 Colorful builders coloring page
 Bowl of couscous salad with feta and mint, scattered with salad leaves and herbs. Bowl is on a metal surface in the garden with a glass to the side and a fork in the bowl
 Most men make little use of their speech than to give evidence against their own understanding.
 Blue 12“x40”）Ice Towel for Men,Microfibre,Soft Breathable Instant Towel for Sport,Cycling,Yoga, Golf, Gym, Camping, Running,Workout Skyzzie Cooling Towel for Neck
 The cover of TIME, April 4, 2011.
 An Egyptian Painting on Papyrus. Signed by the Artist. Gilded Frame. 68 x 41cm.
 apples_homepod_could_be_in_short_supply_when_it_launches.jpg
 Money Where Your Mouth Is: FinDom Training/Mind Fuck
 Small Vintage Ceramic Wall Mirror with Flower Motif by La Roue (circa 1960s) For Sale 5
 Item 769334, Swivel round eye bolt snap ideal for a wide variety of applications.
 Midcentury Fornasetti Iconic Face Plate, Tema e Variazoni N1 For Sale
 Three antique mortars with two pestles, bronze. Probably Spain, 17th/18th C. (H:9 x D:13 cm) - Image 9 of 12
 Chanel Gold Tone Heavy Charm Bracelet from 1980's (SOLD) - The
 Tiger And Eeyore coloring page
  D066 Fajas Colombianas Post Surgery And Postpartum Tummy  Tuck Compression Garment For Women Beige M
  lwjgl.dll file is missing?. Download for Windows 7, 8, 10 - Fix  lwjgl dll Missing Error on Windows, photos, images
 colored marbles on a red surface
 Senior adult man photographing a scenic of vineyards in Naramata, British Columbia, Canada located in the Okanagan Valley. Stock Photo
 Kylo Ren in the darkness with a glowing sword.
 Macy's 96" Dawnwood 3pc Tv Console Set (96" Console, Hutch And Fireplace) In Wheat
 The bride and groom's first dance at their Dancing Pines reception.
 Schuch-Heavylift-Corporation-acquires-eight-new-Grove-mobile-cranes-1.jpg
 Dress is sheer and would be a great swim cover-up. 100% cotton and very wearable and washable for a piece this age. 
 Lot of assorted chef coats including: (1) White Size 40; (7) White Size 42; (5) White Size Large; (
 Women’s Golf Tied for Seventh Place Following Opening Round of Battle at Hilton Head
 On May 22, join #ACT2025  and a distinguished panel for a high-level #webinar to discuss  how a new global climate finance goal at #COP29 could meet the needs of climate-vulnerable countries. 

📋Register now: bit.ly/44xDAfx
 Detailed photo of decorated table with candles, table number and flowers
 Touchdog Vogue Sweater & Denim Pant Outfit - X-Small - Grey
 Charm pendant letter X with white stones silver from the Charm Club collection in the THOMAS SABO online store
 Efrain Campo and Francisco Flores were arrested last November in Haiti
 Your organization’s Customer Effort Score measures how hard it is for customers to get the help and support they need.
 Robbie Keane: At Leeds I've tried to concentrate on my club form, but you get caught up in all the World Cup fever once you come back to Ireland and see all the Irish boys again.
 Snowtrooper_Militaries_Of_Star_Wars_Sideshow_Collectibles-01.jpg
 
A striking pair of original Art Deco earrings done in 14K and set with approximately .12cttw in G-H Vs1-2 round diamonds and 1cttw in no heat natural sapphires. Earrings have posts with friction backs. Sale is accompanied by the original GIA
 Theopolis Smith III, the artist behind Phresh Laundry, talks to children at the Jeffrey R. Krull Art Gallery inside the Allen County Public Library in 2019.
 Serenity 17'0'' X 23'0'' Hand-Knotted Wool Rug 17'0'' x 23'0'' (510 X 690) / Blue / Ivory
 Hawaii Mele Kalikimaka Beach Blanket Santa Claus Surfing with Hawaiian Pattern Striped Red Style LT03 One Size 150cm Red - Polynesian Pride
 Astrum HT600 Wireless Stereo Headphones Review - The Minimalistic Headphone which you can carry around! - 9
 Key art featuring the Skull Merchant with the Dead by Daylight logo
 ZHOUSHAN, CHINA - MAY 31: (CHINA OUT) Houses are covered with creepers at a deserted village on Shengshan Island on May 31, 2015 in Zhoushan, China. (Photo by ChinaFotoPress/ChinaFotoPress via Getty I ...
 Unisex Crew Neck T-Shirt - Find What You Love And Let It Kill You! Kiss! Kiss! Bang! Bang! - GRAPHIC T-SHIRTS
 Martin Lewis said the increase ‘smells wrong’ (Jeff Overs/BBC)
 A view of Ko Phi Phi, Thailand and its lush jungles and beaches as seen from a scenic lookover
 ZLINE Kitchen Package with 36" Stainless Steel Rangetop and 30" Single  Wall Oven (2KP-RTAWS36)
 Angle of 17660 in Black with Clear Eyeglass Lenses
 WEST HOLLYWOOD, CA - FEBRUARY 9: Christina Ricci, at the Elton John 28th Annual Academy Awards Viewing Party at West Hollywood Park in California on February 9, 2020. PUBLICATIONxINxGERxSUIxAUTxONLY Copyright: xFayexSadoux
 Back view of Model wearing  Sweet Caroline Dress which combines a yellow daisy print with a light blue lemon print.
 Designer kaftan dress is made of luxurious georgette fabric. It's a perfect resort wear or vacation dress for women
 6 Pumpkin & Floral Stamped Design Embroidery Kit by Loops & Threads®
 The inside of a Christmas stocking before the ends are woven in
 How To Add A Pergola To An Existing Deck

Activity - Each line in the material above that mentions the word "Small" must be copied.

Result for this task -
 Small Vintage Ceramic Wall Mirror with Flower Motif by La Roue (circa 1960s) For Sale 5
 Touchdog Vogue Sweater & Denim Pant Outfit - X-Small - Grey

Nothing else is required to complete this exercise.